Stoke Newington Literary Festival (1st - 3rd June2012) is now in it's third year of existence and has been described as eclectic, inspiring, sometimes audacious and always brilliant. Set up to celebrate the area's radical thinking and literary heritage.
We decided to pick out a few events that are our favorites below but there's plenty more to choose from. The full programme can be seen online here.
Meet two brilliant writers who are obsessive about London. Mark Mason walked the entire London Underground system above ground – all 403 miles of it – uncovering some astonishing insights and a wealth of fascinating trivia along the way. Craig Taylor spent five years listening to the London residents who make the city such a vibrant place to live. With a cast featuring undertakers, plumbers, gardeners, rappers, Mark Twain and Karl Marx, this event will amaze, inform, delight and inspire you to look at the city with fresh eyes.
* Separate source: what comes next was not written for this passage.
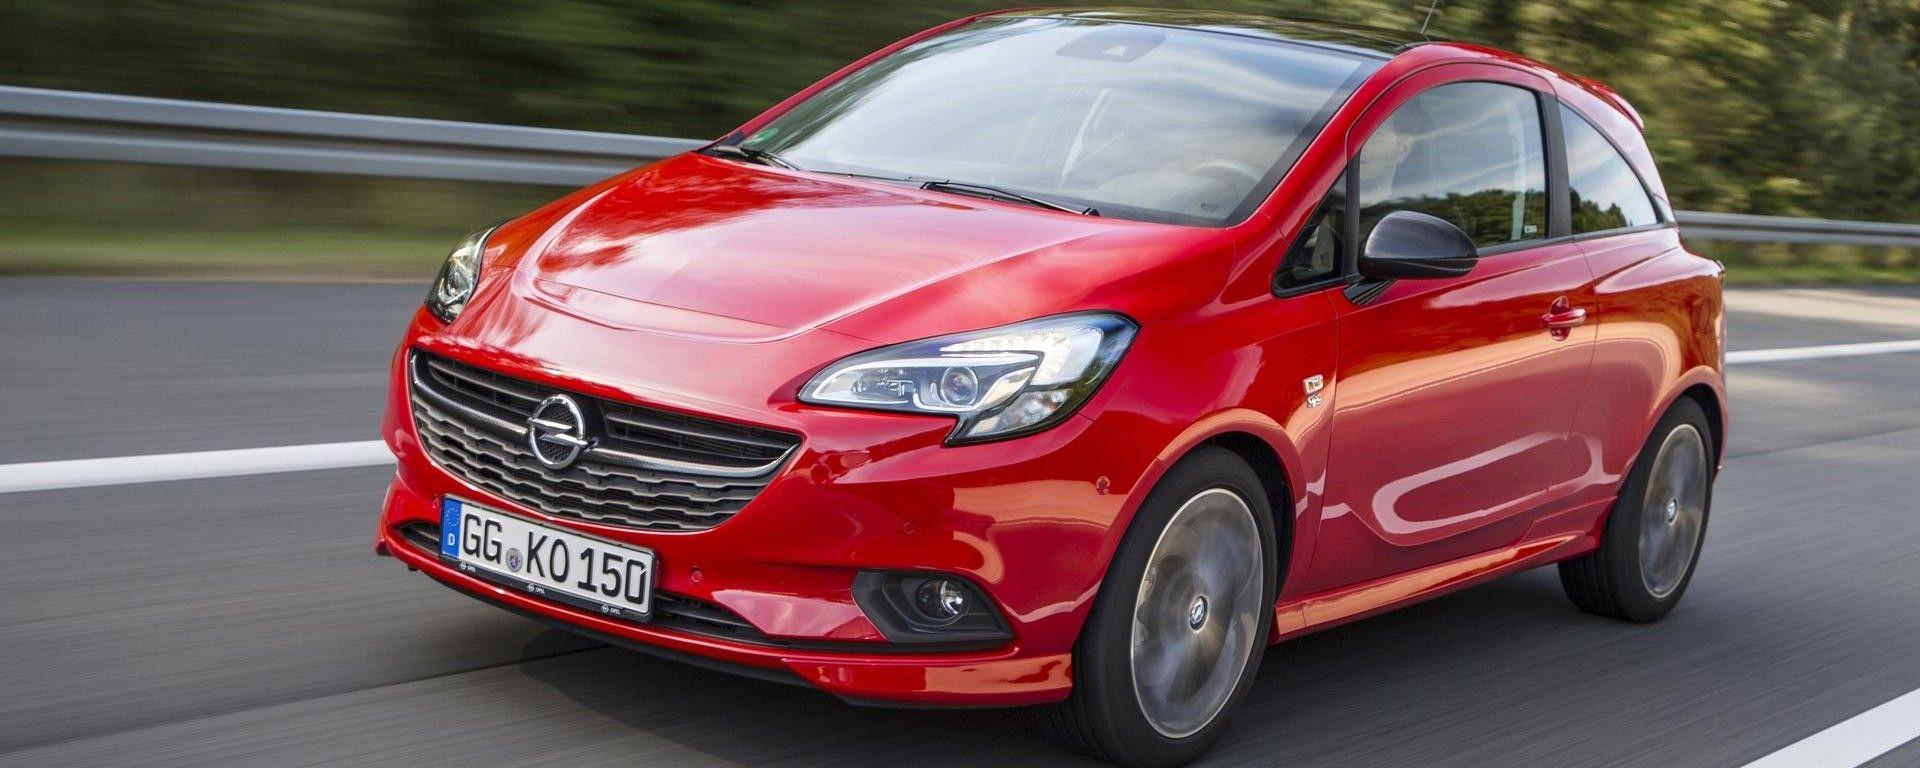 Nuova Opel Corsa S: 150 cavalli e un look più hot

When George Orwell described his perfect pub – the ‘Moon Under Water’ – he wasn’t thinking of a Wetherspoon’s. Last year Robin Turner travelled the UK in search of Orwell’s vision, visiting pubs and talking to people, including a session with N16 beer scribe Pete Brown in The Jolly Butchers.
Pete’s next book – Shakespeare’s Local – tells the 500-year history of the George Inn in Southwark. So we decided to reunite the pair to compare notes and figure out what characterises London’s best pubs.
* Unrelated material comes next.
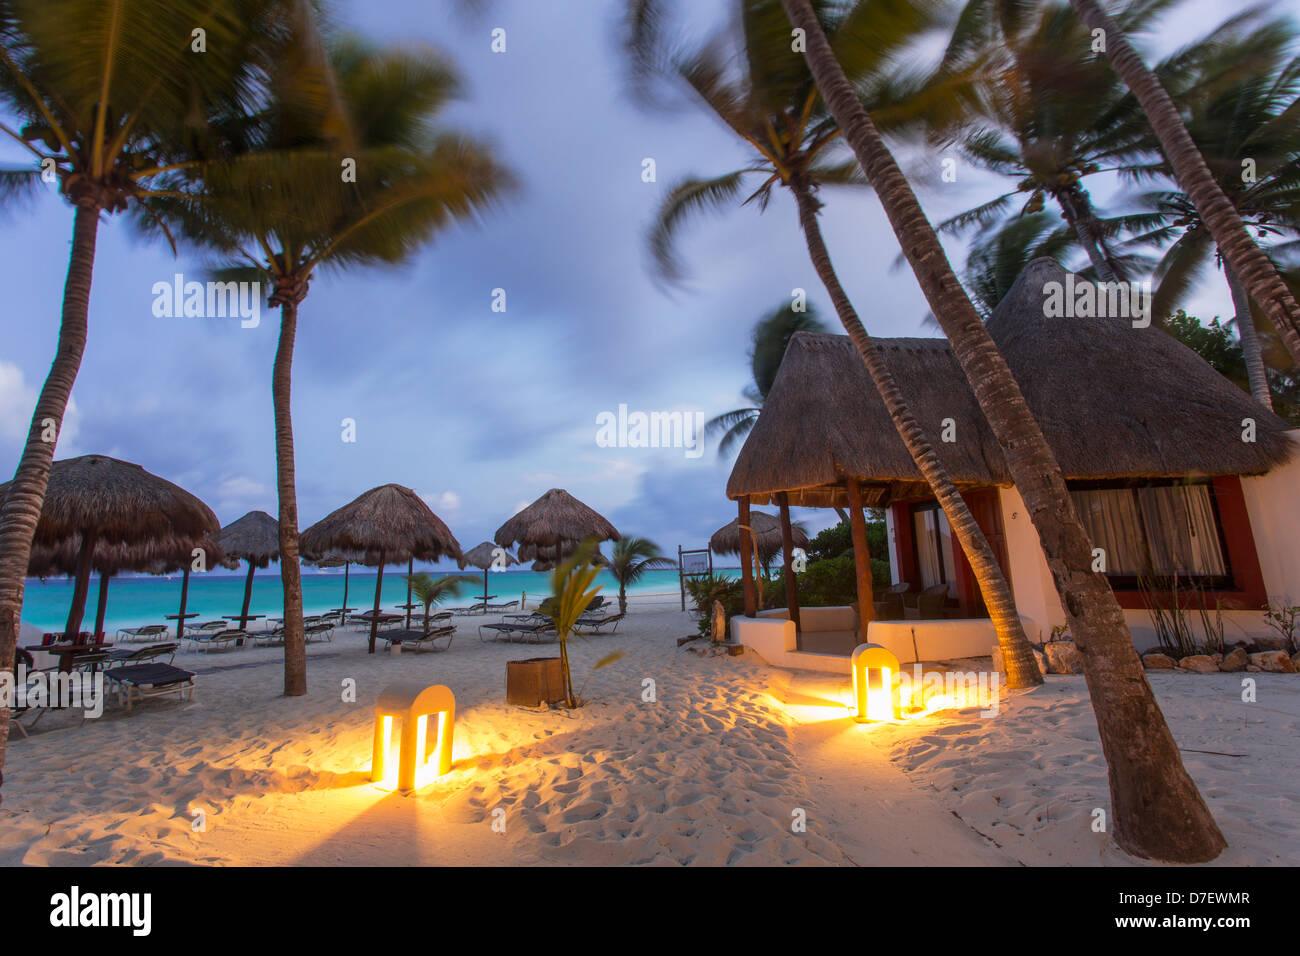 Hébergement de style cabana sur la plage entourée de palmiers à l'aube Photo Stock

Beer will be served (Over 18′s only)
Return of the popular music and music-writing panel, hosted by World’s Coolest Librarian(TM) Richard Boon, who invites four renowned writers to each play the track that made them want to write about music, then discuss where serious writing about music is going, or has gone, and whether music and its writing matters in the way it once did. This year, on an NME tip, with its biographer Pat Long and past writers David Quantick, James Brown and Barney Hoskyns. A ‘Hit’ not to ‘Miss.’
Nick Coleman was a music journalist whose world changed overnight when he lost his hearing. His forced rediscovery of sound and the music-scapes that had shaped his identity brought with it some astonishing insight. He discusses ‘taste’ in music, the personal soundtracks to our lives and enormous record collections with fellow music writer Barney Hoskyns.